Though, it seems like LocalMinRecoveryPoint must be getting
incorrectly set elsewhere, otherwise this would have guarded us from
examining the control file:

if (XLogRecPtrIsInvalid(LocalMinRecoveryPoint) && InRecovery)
updateMinRecoveryPoint = false;

/* Quick exit if already known to be updated or cannot be updated */
if (record <= LocalMinRecoveryPoint || !updateMinRecoveryPoint)
return false;

That's not quite right. Before the end-of-recovery checkpoint, the
InRecovery flag is already set to false. This means that even if
LocalMinRecoveryPoint is invalid, it won't matter, and
updateMinRecoveryPoint will not be set to false. Since
LocalMinRecoveryPoint is 0, the condition if (record <=
LocalMinRecoveryPoint) will also fail, causing the process to continue
and read from the ControlFile.

Similarly, InRecovery can only be true in the startup process.

In the case of 015_promotion_pages, I can see that when the check you
are adding fails, the LSN is already flushed by XLogFLush(). So,
while I don't see any active bug here, I tend to agree with your
position that XLogNeedsFlush() could be improved in the context of the
end-of-recovery checkpoint or just when a process is allowed WAL
inserts while we are still in recovery.

You have a good point here, especially knowing that for
CHECKPOINT_END_OF_RECOVERY case in CreateCheckPoint(), called by the
checkpointer, we allow WAL inserts with LocalSetXLogInsertAllowed().
So, relying on RecoveryInProgress() in this context leads to a wrong
result with XLogNeedsFlush(): WAL inserts are allowed, the minimum
recovery point is not relevant for the evaluation.

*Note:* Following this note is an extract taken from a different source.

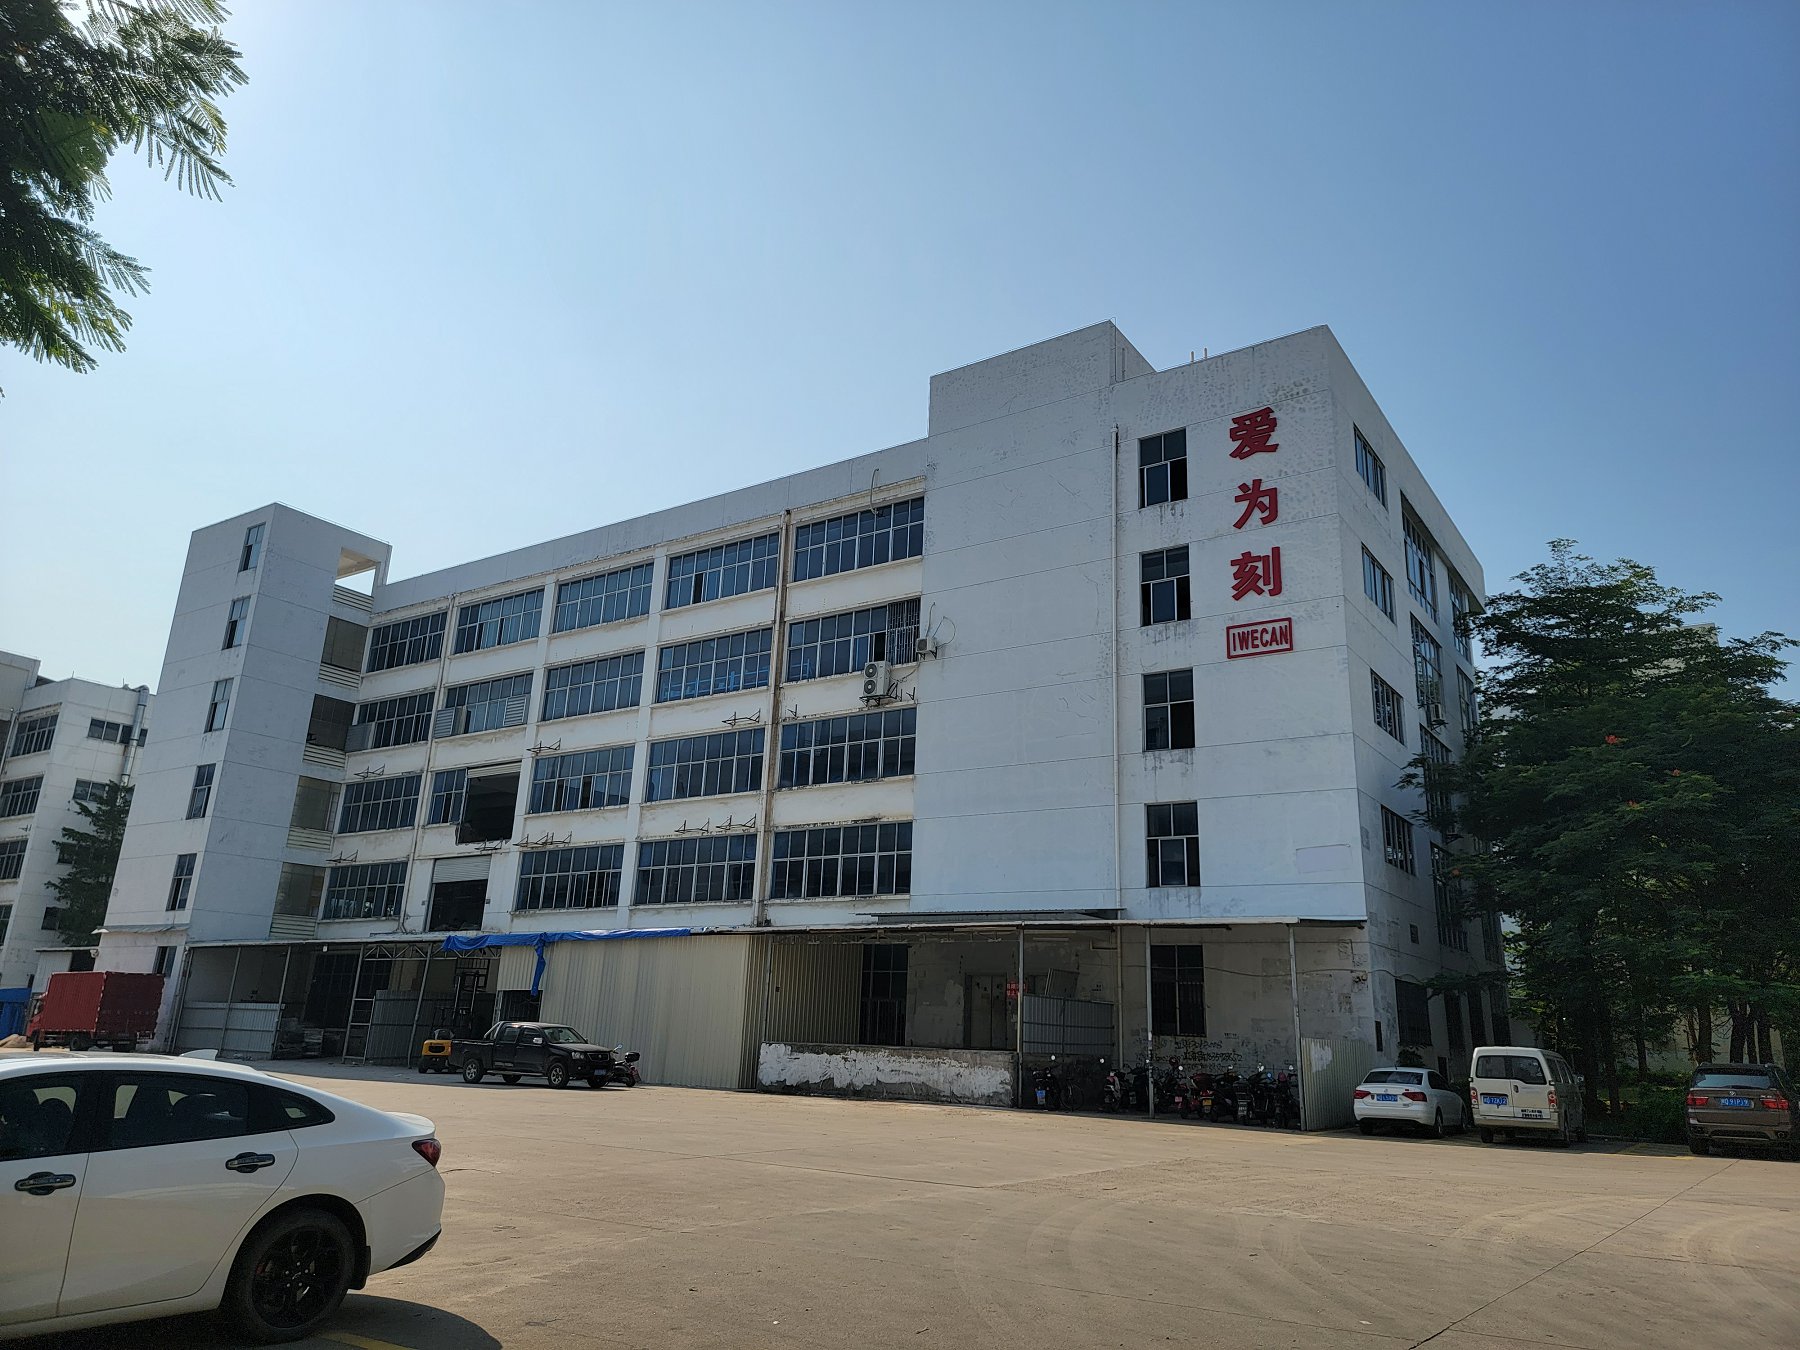 iWECAN building in Xiamen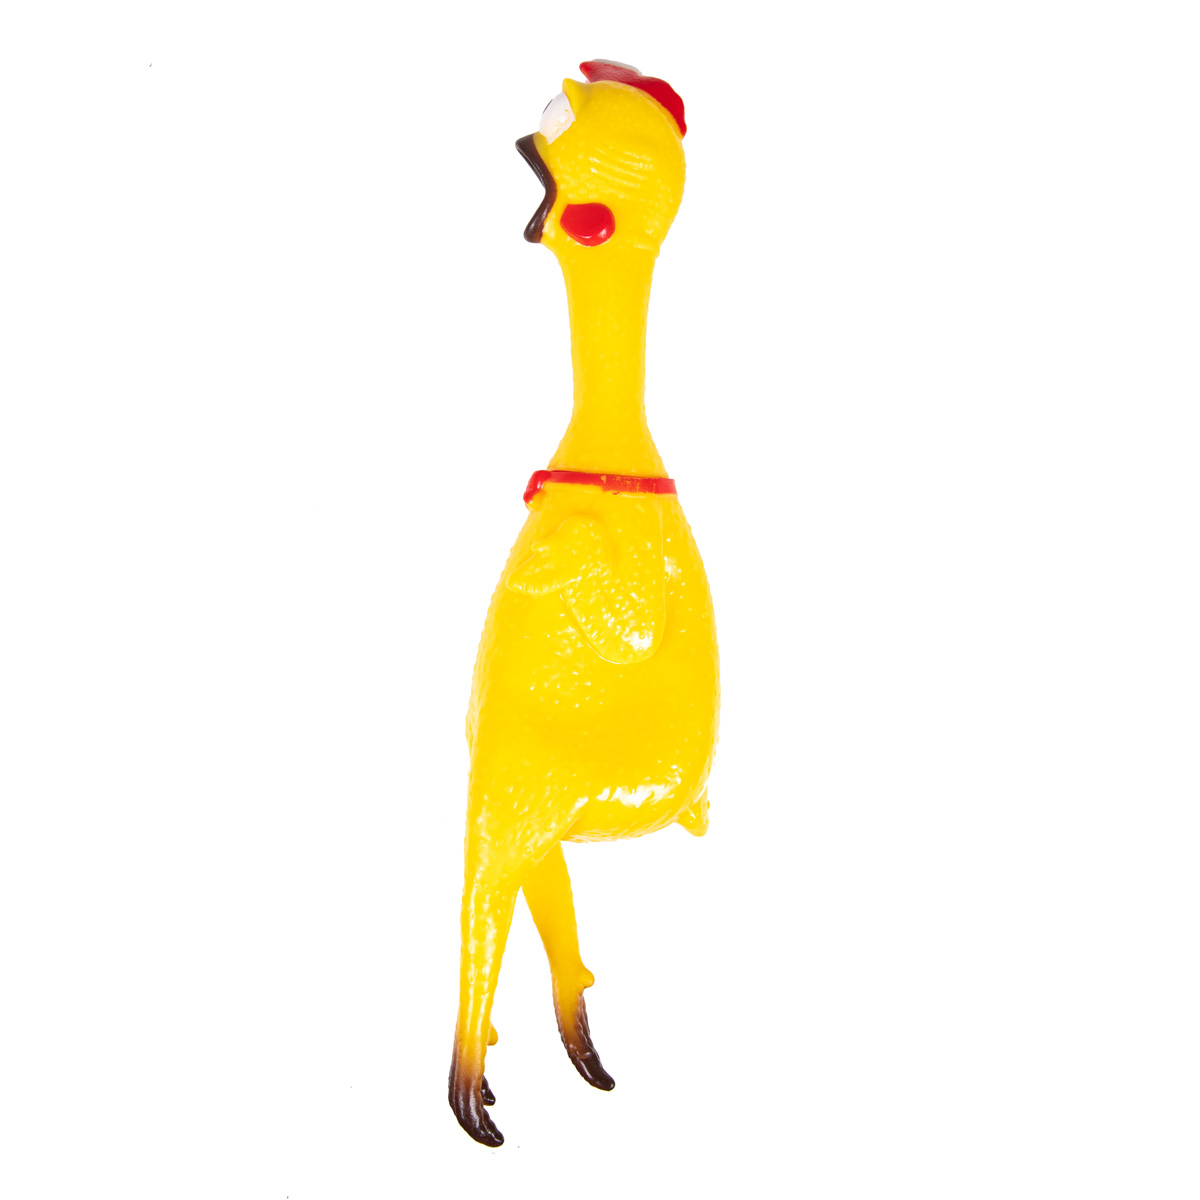 Brinquedo galinha que chia - Zolia Cocky

Or are you worried about the case of GetVictimBuffer() where a second
call of XLogNeedsFlush() lives?
--
Michael

melanieplageman@gmail.com

8 months ago

In reply to: Dilip Kumar (#5)

Re: Incorrect logic in XLogNeedsFlush()

On Wed, Sep 10, 2025 at 3:18 AM Dilip Kumar <dilipbalaut@gmail.com> wrote:

On Wed, Sep 10, 2025 at 1:59 AM Melanie Plageman
<melanieplageman@gmail.com> wrote:

Though, it seems like LocalMinRecoveryPoint must be getting
incorrectly set elsewhere, otherwise this would have guarded us from
examining the control file:

if (XLogRecPtrIsInvalid(LocalMinRecoveryPoint) && InRecovery)
updateMinRecoveryPoint = false;

/* Quick exit if already known to be updated or cannot be updated */
if (record <= LocalMinRecoveryPoint || !updateMinRecoveryPoint)
return false;

That's not quite right. Before the end-of-recovery checkpoint, the
InRecovery flag is already set to false. This means that even if
LocalMinRecoveryPoint is invalid, it won't matter, and
updateMinRecoveryPoint will not be set to false. Since
LocalMinRecoveryPoint is 0, the condition if (record <=
LocalMinRecoveryPoint) will also fail, causing the process to continue
and read from the ControlFile.

Ah, right, I got turned around. My original investigation showed me
that the checkpointer incorrectly read from the ControlFile when I
added the XLogNeedsFlush() precisely because InRecovery is false
outside of the startup process.

What I want is for it to be safe and accurate to call XLogNeedsFlush()
in any backend (one that might flush WAL, that is).

- Melanie

melanieplageman@gmail.com

8 months ago

In reply to: Jeff Davis (#4)

Re: Incorrect logic in XLogNeedsFlush()

On Tue, Sep 9, 2025 at 9:50 PM Jeff Davis <pgsql@j-davis.com> wrote:

On Tue, 2025-09-09 at 16:29 -0400, Melanie Plageman wrote:

Though, it seems like LocalMinRecoveryPoint must be getting
incorrectly set elsewhere, otherwise this would have guarded us from
examining the control file:

I am confused about whether we are discussing "incorrect" or "invalid".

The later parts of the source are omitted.